Beginning with the line that holds "D'une taille impressionnante", output every remaining line of the material below exactly, and include none of the pictures.

> Dataset content:
* * * * * * * * *

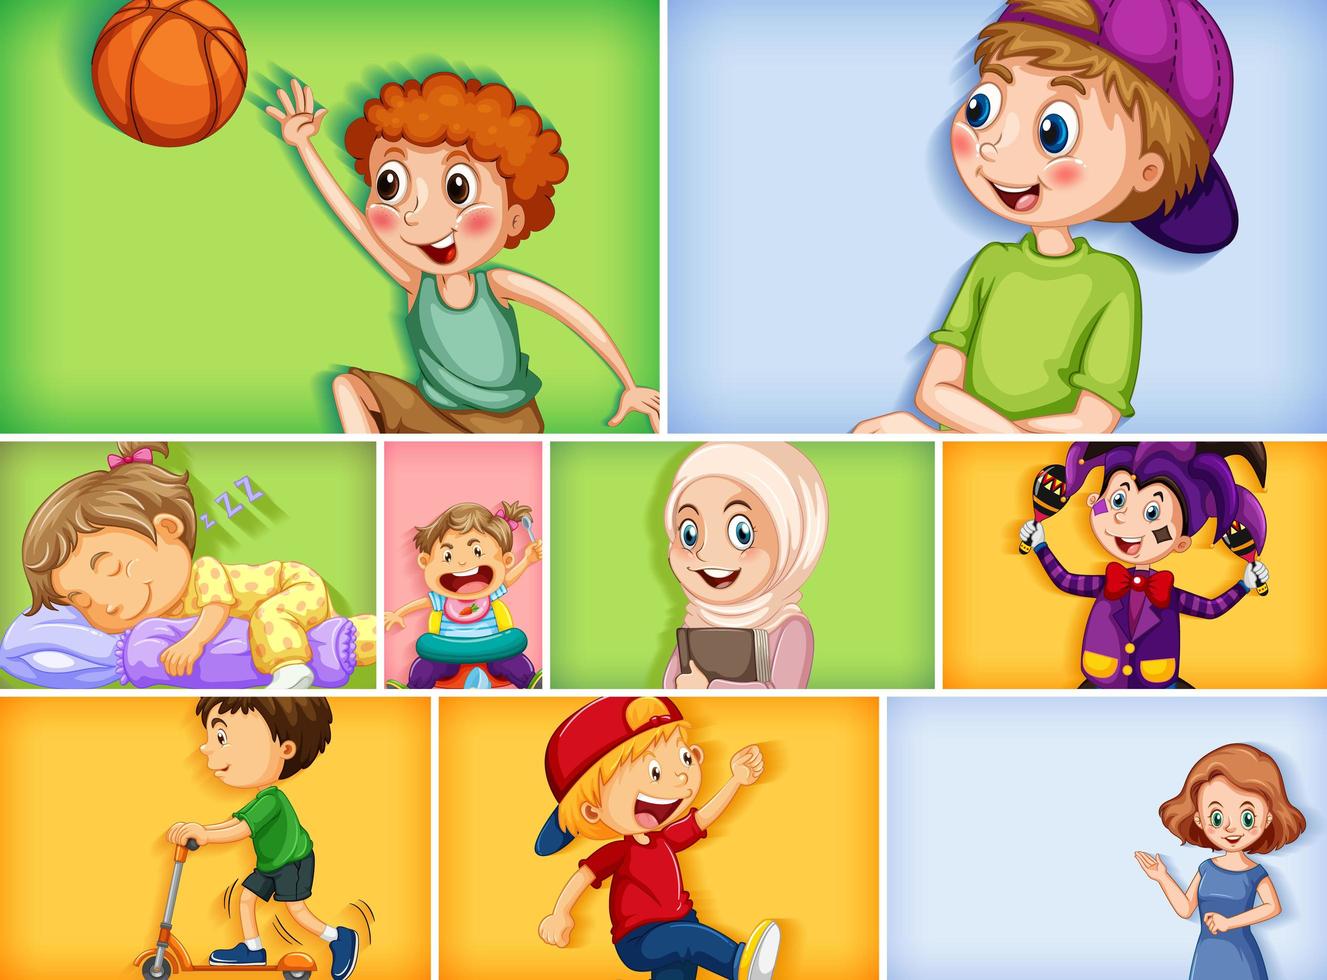 Conjunto de diferentes personajes infantiles sobre fondo de color diferente vector
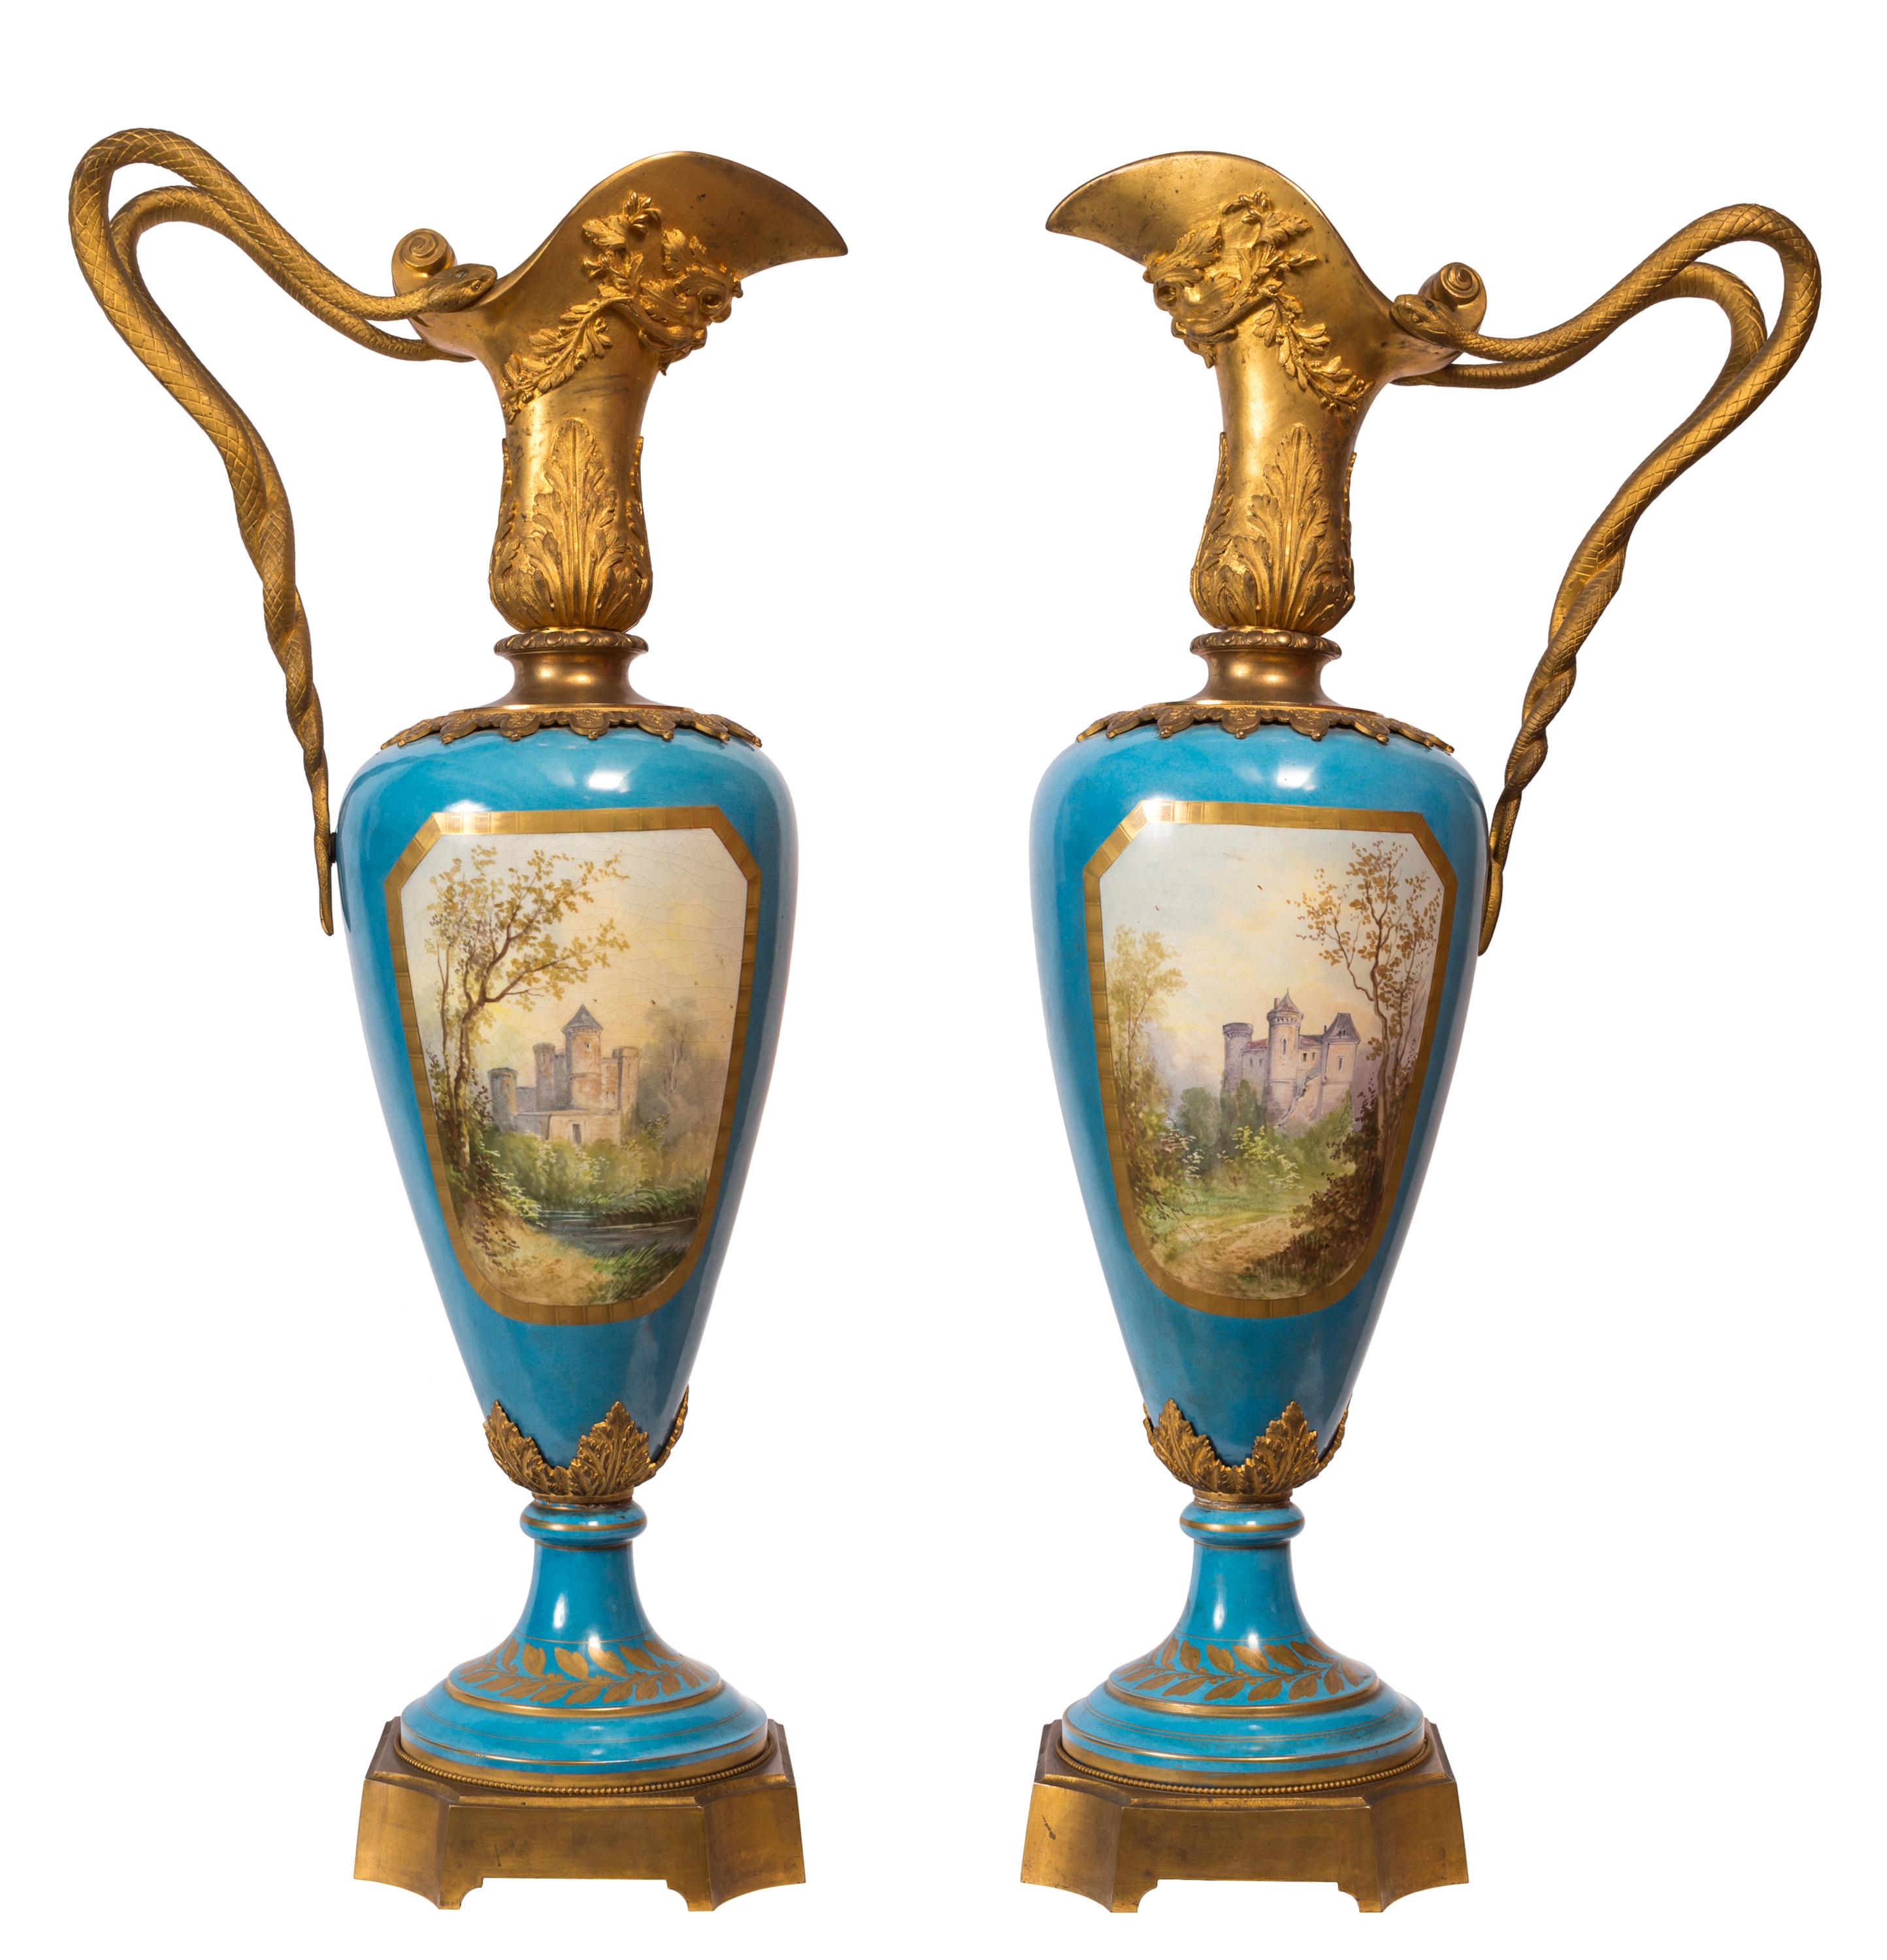 D'une taille impressionnante (1 mètre / 3,28 pieds), cette paire d'aiguières / vases en porcelaine de style Sèvres du XIXe siècle présente un haut niveau de détail et de qualité, tant dans le travail du métal que dans la décoration peinte à la main.
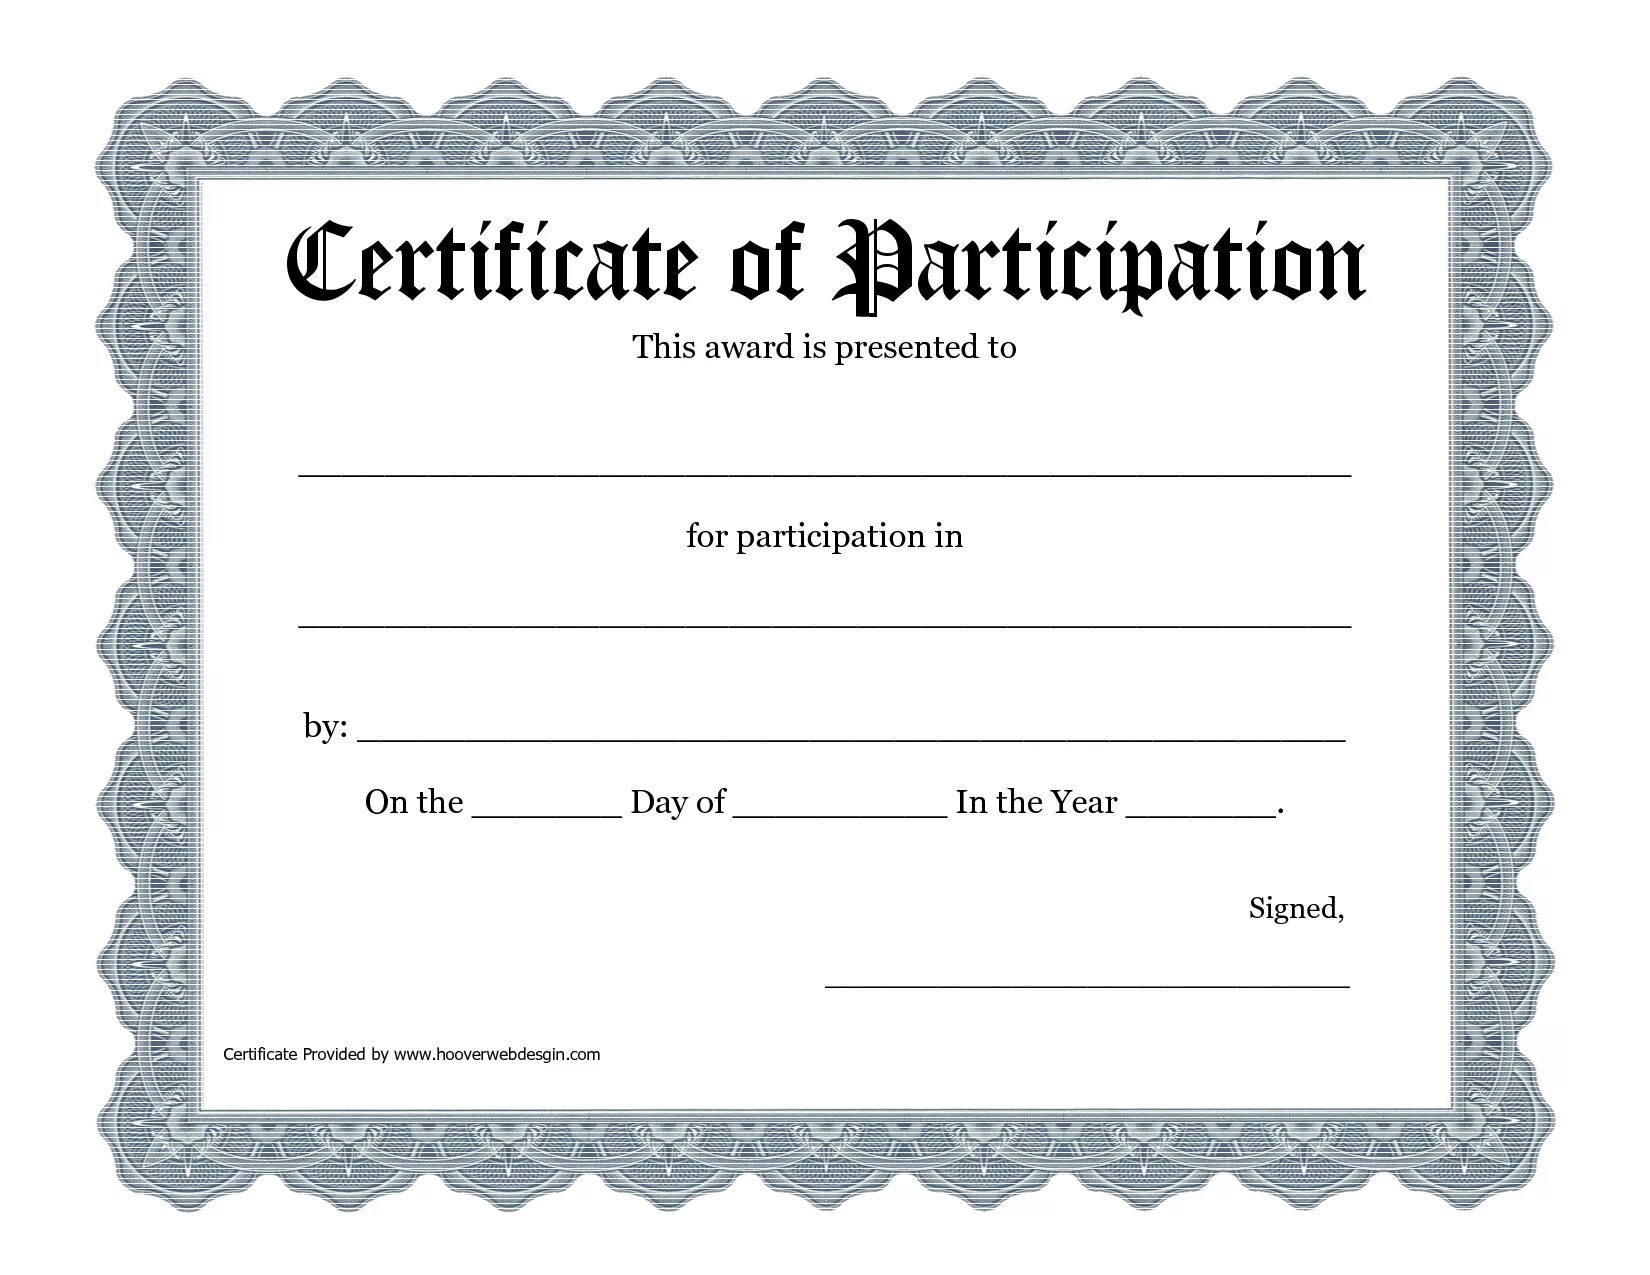 Url certificate. Certificate of Appreciation. Сертификат шаблон. Сертификат макет. Certificate of participation.

* * * * * * * * *

> Task result:
 D'une taille impressionnante (1 mètre / 3,28 pieds), cette paire d'aiguières / vases en porcelaine de style Sèvres du XIXe siècle présente un haut niveau de détail et de qualité, tant dans le travail du métal que dans la décoration peinte à la main.
 Url certificate. Certificate of Appreciation. Сертификат шаблон. Сертификат макет. Certificate of participation.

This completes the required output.